Coté adds that while most of the challenges companies face in getting orphan designation are the same between the FDA and the EMA, there is a lot the two agencies could learn from each other.
“In the US it’s very simple – you write an application then you stick it in the mail. But in Europe your first step is deciding what your submission date is and requesting a submission date at least two months prior to the actual date itself, and then you have to have a pre-submission meeting as well.
“On the other hand, one thing the FDA could learn from the EMA is that the criteria for orphan diseases is much better in Europe. In Europe a prevalence of five patients or less out of every 10,000 people is the definition for an orphan disease. In the US it’s a static number, 200,000, but since we passed the law our population has increased 50 percent, meaning the criteria for rarity has got smaller and smaller.”
Coté reiterates that for most companies the best thing to do is get help in navigating these complexities.

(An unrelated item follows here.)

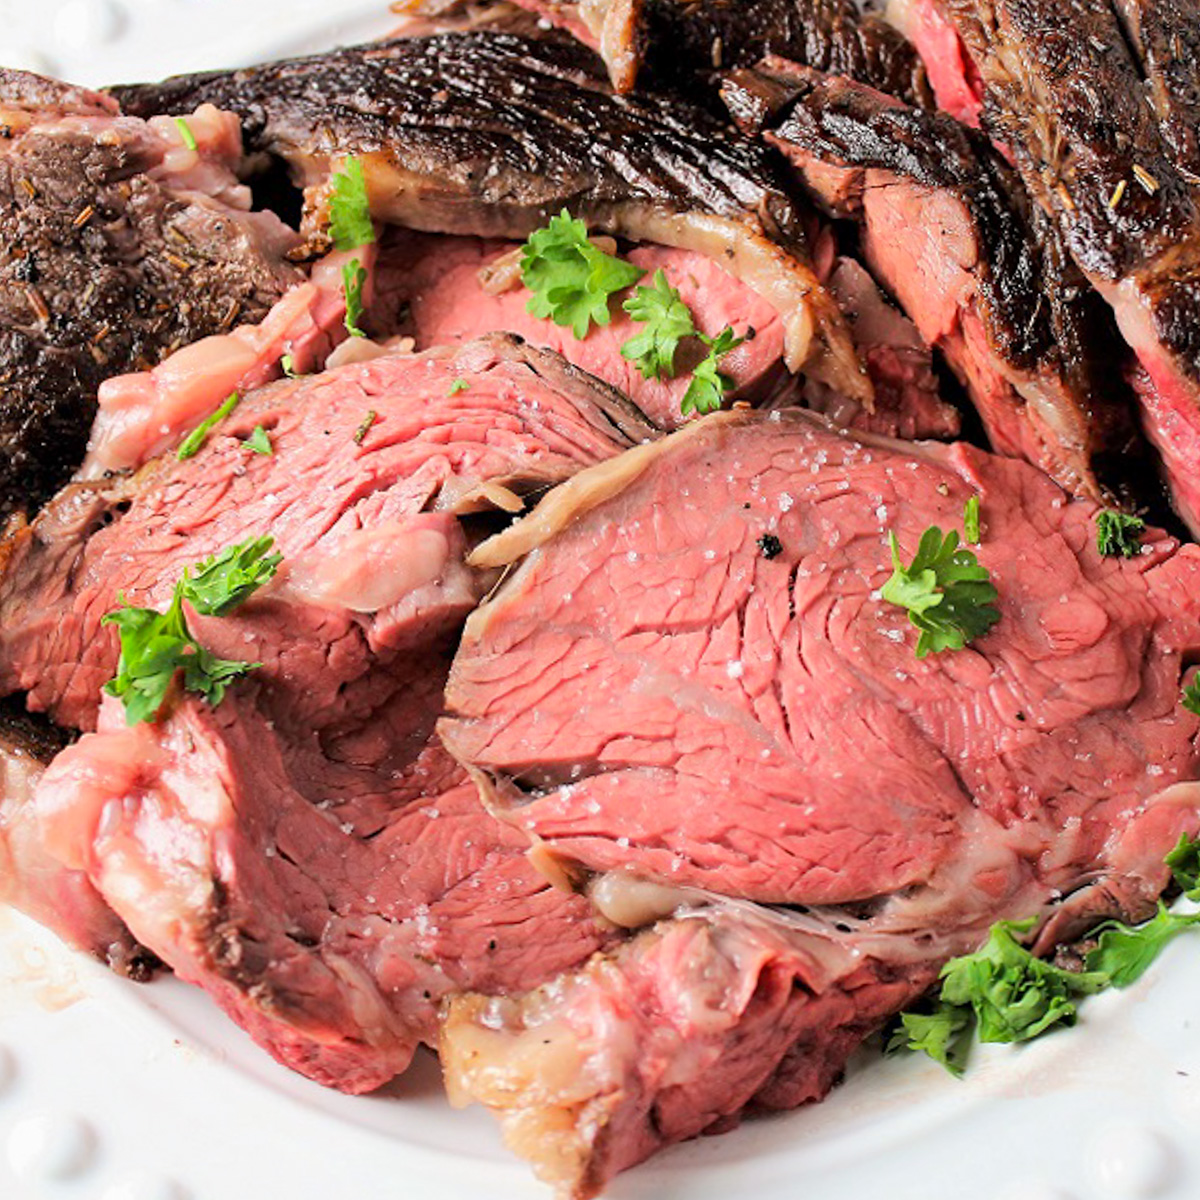 sliced prime rib roast on plate.

“Don’t feed yourself to the tigers without some assistance. If it’s not me then ask somebody who knows orphan drugs inside out. I see too many people going in blindly and really not understanding the framework through which their stuff will be seen. You need to see it through the regulator’s eyes and people tend not to, they see it through their own eyes.”

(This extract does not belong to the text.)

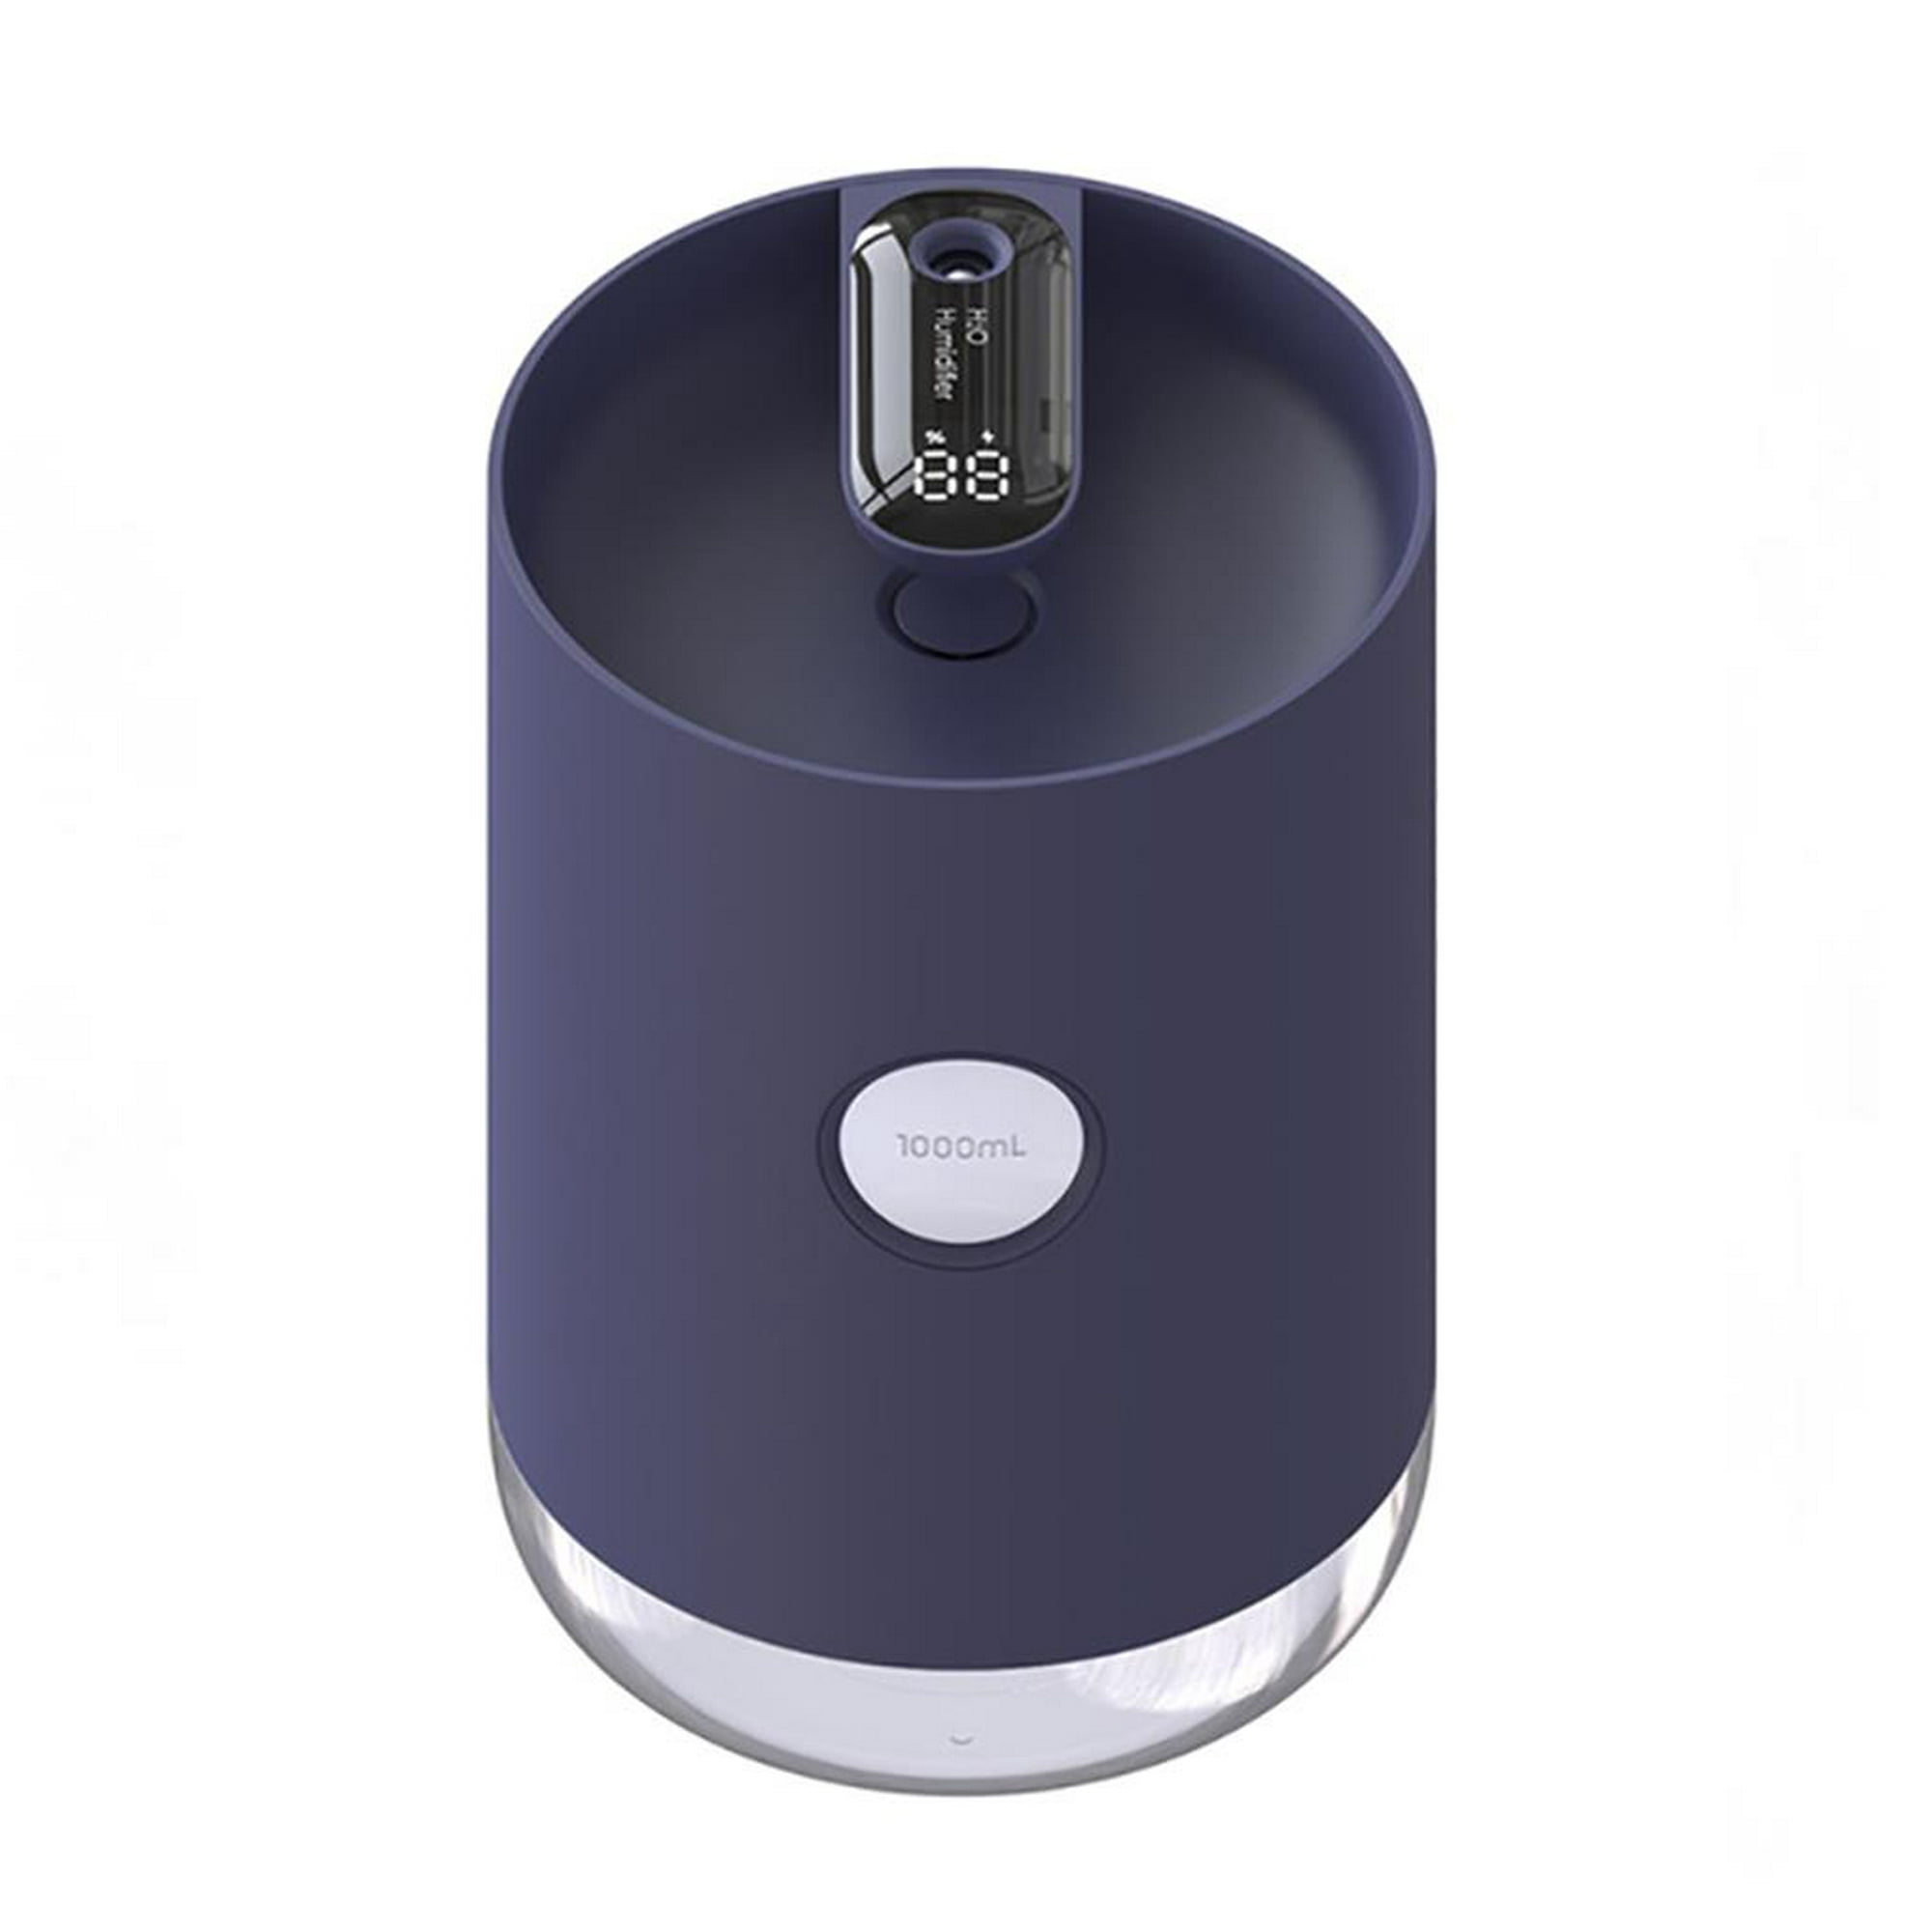  Humidificador de aire alimentado humidificador USB 7.4 fl oz  oficina coche viaje Hoom : Hogar y Cocina

Orphan designation criteria & benefits
To qualify for orphan designation, a medicine must be intended for the treatment, prevention or diagnosis of a disease that is life-threatening or chronically debilitating. The prevalence of the condition in the EU must not be more than five in 10,000, or it must be unlikely that marketing of the medicine would generate sufficient returns to justify the investment needed for its development. No satisfactory method of diagnosis, prevention or treatment of the condition concerned can be authorised, or, if such a method exists, the medicine must be of significant benefit to those affected by the condition.
Sponsors who obtain orphan designation benefit from protocol assistance, a type of scientific advice specific for designated orphan medicines, and market exclusivity once the medicine is on the market. Fee reductions are also available depending on the status of the sponsor and the type of service required.
The disease or condition for which the drug is intended must affect fewer than 200,000 people in the United States.
Companies must also demonstrate that there is ‘promise’ that the drug will be effective in treating the disease, usually through clinical data, and that it is clinical superior to other similar drugs that have received orphan designation for the indication.
Drugs with orphan designation are eligible for grants, 50 percent tax credit for expenditures incurred during the clinical testing phase, and a seven-year marketing exclusivity period.